What you will do: Copy exactly the lines of the material below that run from the one containing "Sunny Floral Maxi" through the one containing "Solution:1093.5002286237 as a". Copy no other lines.

Data extract:
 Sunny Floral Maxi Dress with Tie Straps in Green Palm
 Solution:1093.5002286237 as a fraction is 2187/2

==

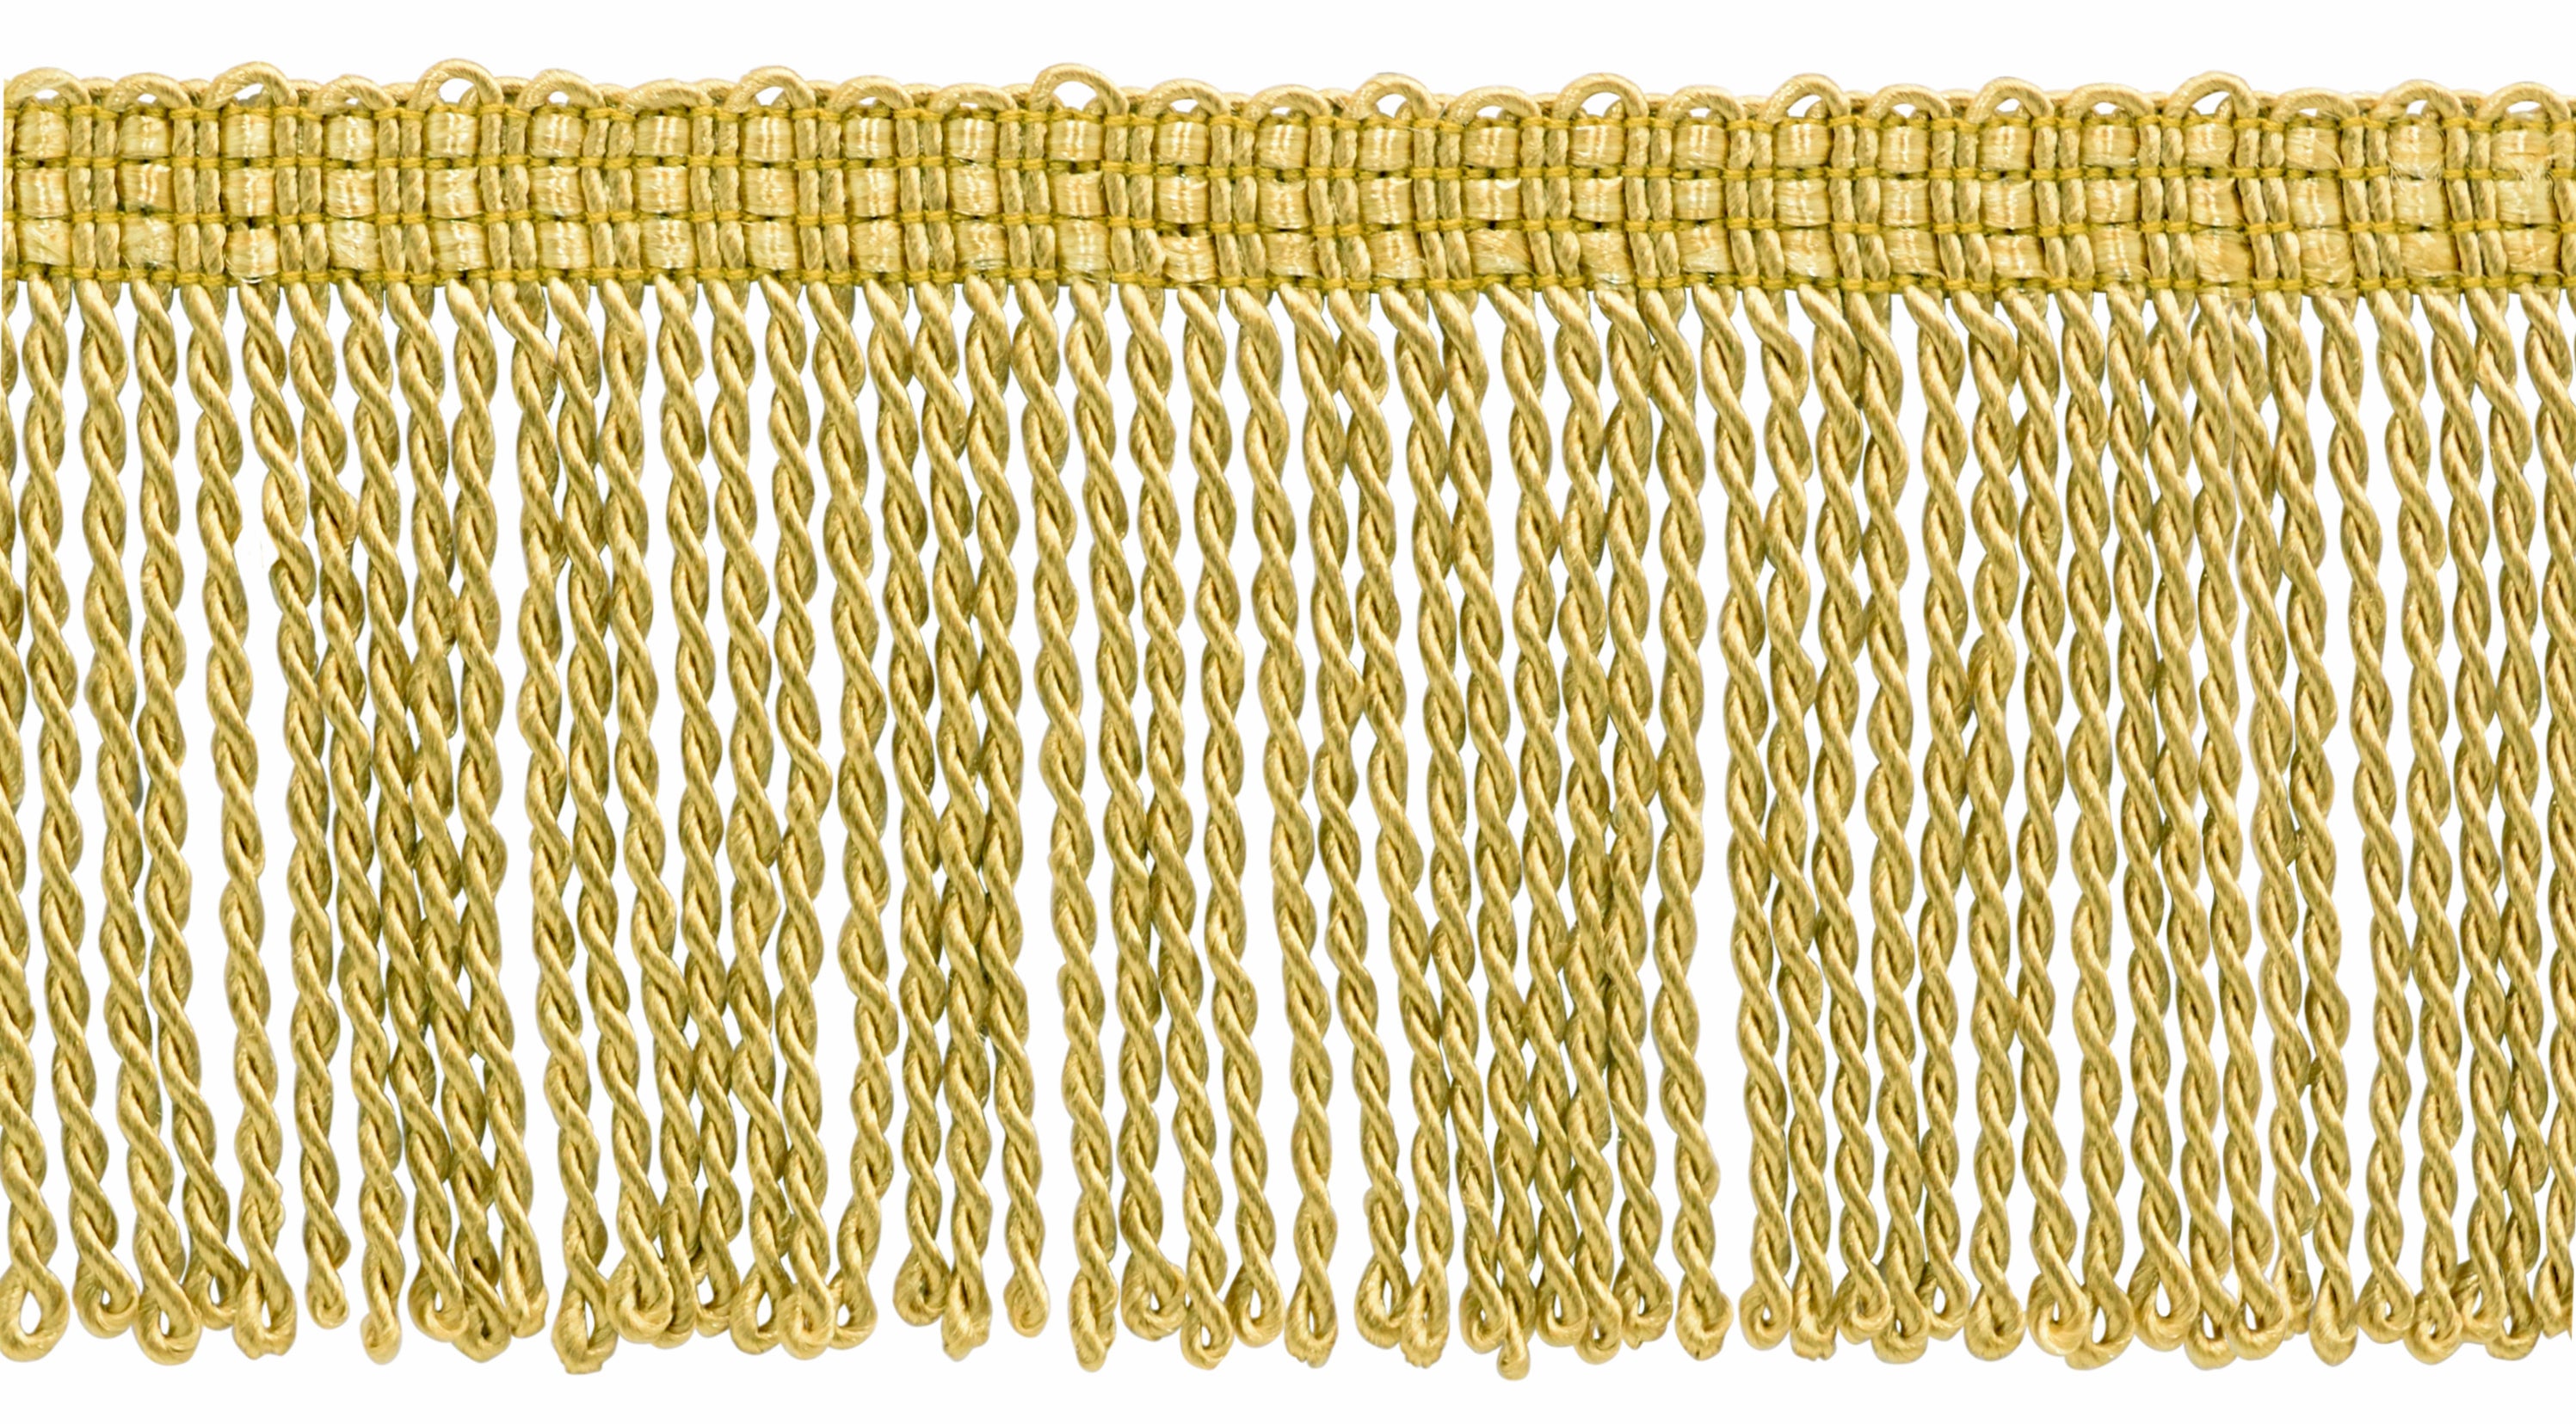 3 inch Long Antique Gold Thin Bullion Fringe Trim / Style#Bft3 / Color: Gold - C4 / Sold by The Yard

Task response:
 Sunny Floral Maxi Dress with Tie Straps in Green Palm
 Solution:1093.5002286237 as a fraction is 2187/2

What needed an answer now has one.